Top of Data for this exercise

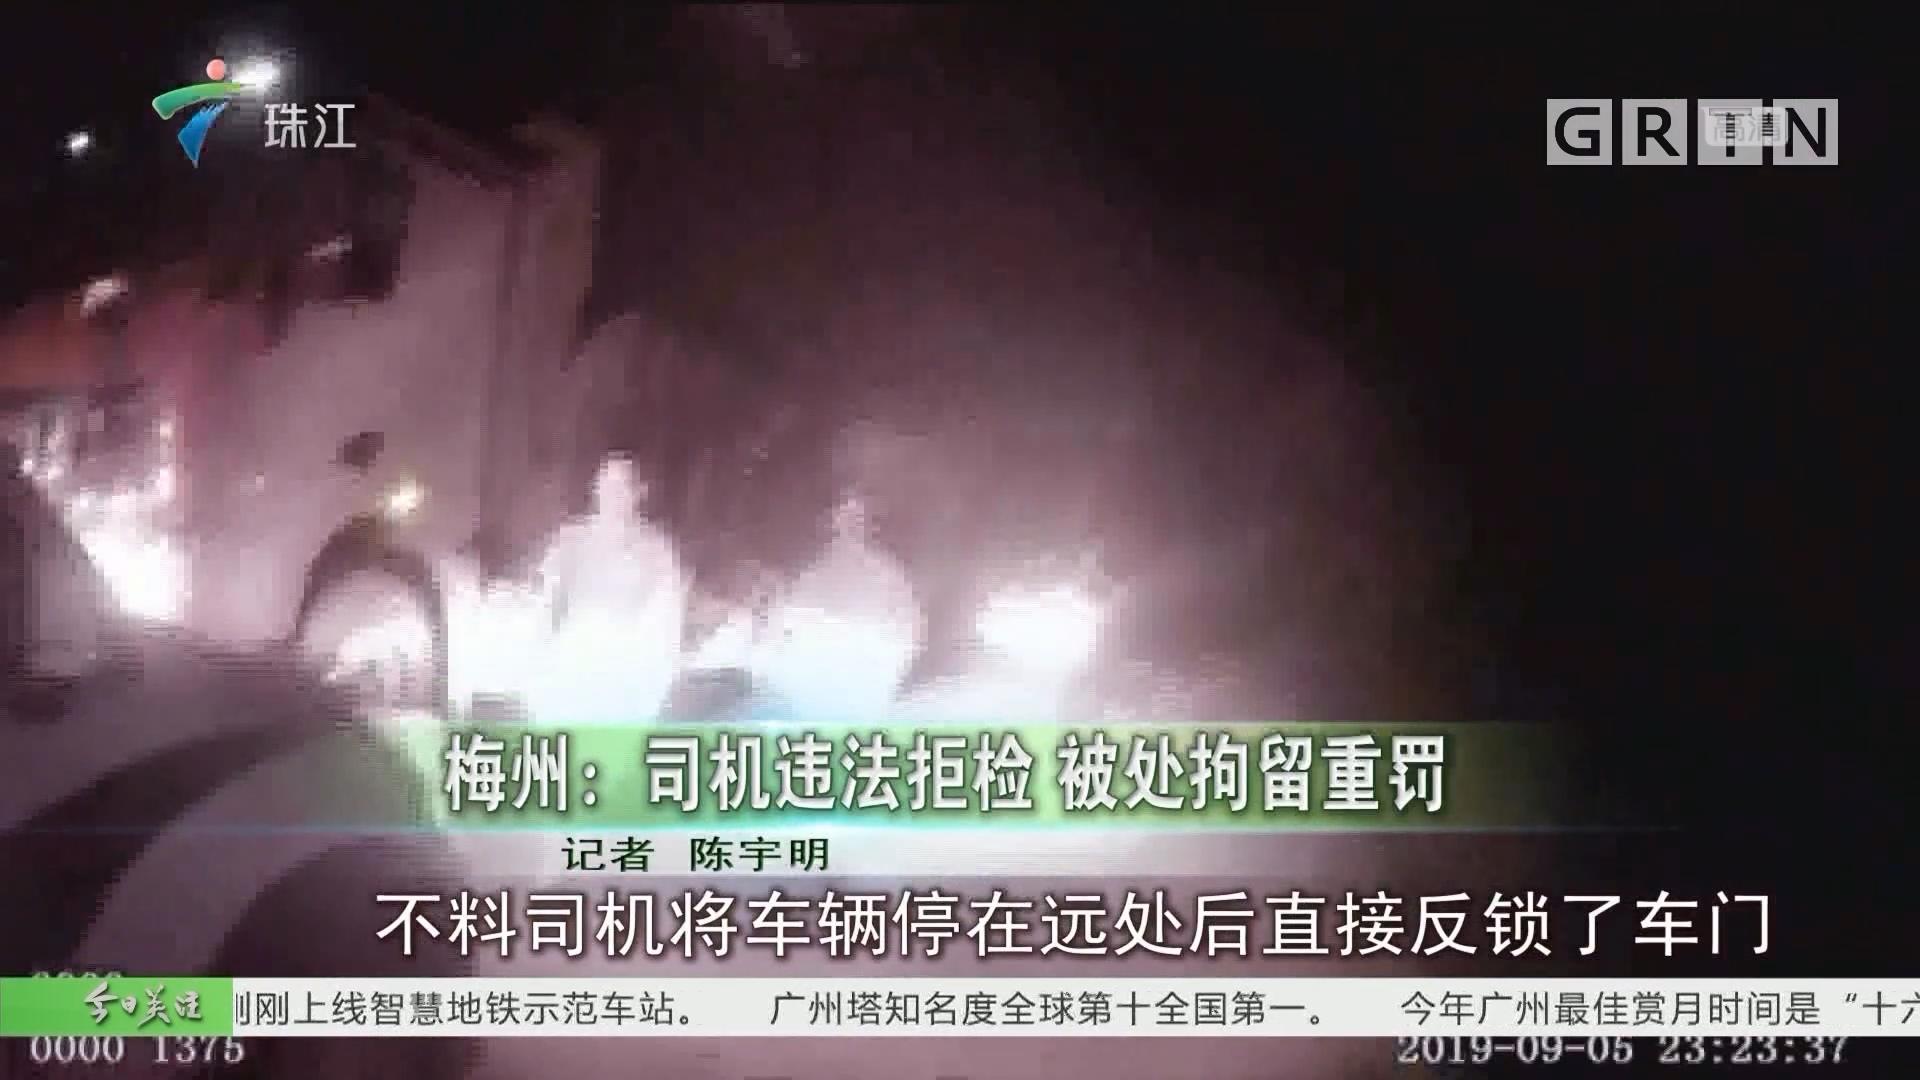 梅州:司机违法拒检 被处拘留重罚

Bottom of Data for this exercise
Top of Data for this exercise

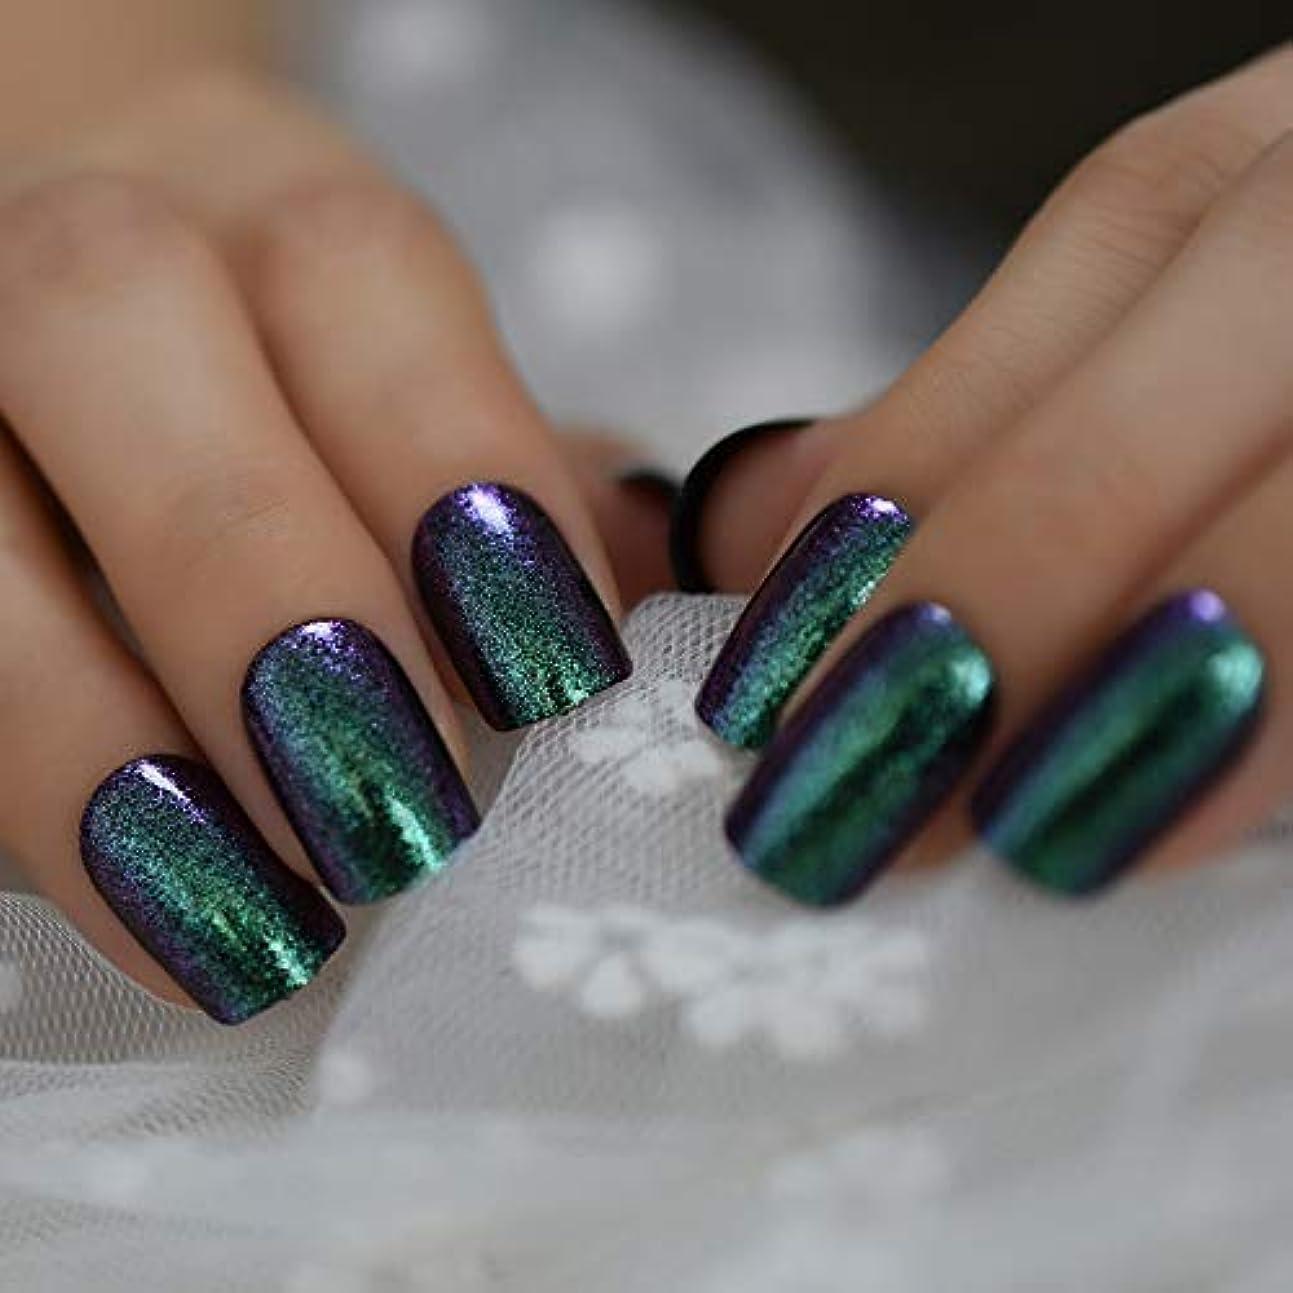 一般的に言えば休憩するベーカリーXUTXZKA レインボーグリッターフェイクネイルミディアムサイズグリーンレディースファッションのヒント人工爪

Bottom of Data for this exercise
Top of Data for this exercise

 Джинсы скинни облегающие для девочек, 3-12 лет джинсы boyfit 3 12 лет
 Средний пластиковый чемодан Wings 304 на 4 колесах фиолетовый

Bottom of Data for this exercise

■ **Action item**: What you give back should be exactly the lines of the data above from the line with "Джинсы скинни облегающие" through the line with "Средний пластиковый чемодан", both of those included, and nothing more.

■ **Your response**:
 Джинсы скинни облегающие для девочек, 3-12 лет джинсы boyfit 3 12 лет
 Средний пластиковый чемодан Wings 304 на 4 колесах фиолетовый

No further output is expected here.